**Exercise instructions:** Go through the data below and copy each line where the word "Women" occurs.

──────── Given records ────────

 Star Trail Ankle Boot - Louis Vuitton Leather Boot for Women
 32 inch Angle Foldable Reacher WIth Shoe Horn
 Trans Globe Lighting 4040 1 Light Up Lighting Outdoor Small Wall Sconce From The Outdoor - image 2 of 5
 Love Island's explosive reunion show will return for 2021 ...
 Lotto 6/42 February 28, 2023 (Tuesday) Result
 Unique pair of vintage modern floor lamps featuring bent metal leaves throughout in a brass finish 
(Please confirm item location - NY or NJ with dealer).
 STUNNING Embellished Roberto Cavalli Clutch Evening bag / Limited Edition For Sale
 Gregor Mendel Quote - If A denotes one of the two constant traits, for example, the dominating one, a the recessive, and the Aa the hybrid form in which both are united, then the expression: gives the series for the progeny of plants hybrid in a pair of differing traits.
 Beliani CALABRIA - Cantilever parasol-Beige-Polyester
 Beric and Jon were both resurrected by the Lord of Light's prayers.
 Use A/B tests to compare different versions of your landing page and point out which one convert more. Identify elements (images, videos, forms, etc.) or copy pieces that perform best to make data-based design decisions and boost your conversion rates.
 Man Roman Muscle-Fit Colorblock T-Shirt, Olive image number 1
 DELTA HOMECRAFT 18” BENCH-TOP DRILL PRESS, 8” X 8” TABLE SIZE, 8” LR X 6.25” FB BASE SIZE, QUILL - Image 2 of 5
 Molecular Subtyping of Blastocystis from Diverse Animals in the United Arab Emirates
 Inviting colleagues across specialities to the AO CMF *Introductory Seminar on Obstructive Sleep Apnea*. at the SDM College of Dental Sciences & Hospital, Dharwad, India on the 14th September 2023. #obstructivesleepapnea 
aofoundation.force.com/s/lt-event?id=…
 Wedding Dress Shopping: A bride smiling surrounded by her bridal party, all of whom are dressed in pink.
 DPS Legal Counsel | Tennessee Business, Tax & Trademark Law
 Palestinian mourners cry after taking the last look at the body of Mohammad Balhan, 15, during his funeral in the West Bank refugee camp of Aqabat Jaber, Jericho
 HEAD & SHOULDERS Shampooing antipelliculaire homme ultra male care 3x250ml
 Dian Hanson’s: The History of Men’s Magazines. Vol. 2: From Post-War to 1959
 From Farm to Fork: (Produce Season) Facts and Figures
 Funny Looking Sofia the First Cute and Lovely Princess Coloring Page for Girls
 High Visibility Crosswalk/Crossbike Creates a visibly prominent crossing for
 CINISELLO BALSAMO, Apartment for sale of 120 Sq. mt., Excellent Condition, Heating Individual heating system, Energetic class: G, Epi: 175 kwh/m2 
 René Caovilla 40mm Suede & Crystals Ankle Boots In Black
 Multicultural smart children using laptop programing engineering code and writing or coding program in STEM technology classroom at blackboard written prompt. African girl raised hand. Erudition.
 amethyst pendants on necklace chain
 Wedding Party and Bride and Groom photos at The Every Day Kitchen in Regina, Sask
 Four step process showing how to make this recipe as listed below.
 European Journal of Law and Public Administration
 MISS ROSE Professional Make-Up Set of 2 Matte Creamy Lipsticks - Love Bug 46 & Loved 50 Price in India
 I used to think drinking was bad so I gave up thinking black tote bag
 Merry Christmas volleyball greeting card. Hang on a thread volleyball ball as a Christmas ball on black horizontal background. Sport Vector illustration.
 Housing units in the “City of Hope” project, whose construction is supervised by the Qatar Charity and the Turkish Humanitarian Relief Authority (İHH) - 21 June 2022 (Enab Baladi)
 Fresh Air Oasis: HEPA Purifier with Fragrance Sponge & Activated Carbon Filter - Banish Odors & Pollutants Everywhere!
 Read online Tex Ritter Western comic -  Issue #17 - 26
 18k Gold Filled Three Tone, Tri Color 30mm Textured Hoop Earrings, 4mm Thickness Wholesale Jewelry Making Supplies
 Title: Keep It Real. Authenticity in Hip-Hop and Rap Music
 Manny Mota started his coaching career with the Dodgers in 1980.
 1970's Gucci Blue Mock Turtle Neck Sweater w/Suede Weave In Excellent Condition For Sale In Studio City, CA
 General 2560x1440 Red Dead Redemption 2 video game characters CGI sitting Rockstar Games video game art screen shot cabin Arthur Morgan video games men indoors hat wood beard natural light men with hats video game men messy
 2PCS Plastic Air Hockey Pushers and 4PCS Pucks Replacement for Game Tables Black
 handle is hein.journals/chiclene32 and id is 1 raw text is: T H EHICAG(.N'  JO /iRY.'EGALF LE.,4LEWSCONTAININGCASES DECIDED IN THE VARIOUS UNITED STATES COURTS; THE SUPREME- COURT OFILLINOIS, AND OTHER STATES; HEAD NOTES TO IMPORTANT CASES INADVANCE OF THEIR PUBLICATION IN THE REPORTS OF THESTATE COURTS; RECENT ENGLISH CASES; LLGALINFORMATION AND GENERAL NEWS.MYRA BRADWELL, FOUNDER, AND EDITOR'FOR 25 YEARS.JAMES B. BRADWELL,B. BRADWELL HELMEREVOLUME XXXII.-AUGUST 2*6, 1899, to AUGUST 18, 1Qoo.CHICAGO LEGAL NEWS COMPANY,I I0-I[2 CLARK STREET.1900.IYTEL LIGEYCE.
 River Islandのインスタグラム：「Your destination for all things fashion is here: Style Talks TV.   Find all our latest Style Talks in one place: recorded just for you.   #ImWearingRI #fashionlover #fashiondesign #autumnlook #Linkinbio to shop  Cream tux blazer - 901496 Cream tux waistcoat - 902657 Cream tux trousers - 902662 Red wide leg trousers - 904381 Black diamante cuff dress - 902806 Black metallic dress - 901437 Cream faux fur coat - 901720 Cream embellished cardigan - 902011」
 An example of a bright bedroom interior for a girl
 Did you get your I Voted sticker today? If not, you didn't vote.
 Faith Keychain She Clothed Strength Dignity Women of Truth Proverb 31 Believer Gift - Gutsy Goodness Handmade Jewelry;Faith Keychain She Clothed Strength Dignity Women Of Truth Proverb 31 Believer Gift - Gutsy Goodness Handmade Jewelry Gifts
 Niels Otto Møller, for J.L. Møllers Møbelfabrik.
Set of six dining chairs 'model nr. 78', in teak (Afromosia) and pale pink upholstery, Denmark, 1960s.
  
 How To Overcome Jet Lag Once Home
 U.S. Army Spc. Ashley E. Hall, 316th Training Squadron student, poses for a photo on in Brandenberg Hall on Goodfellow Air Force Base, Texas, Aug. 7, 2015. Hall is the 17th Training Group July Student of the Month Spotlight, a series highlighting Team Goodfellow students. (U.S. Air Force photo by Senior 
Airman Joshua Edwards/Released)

────────

**Result of the exercise:**
 Star Trail Ankle Boot - Louis Vuitton Leather Boot for Women
 Faith Keychain She Clothed Strength Dignity Women of Truth Proverb 31 Believer Gift - Gutsy Goodness Handmade Jewelry;Faith Keychain She Clothed Strength Dignity Women Of Truth Proverb 31 Believer Gift - Gutsy Goodness Handmade Jewelry Gifts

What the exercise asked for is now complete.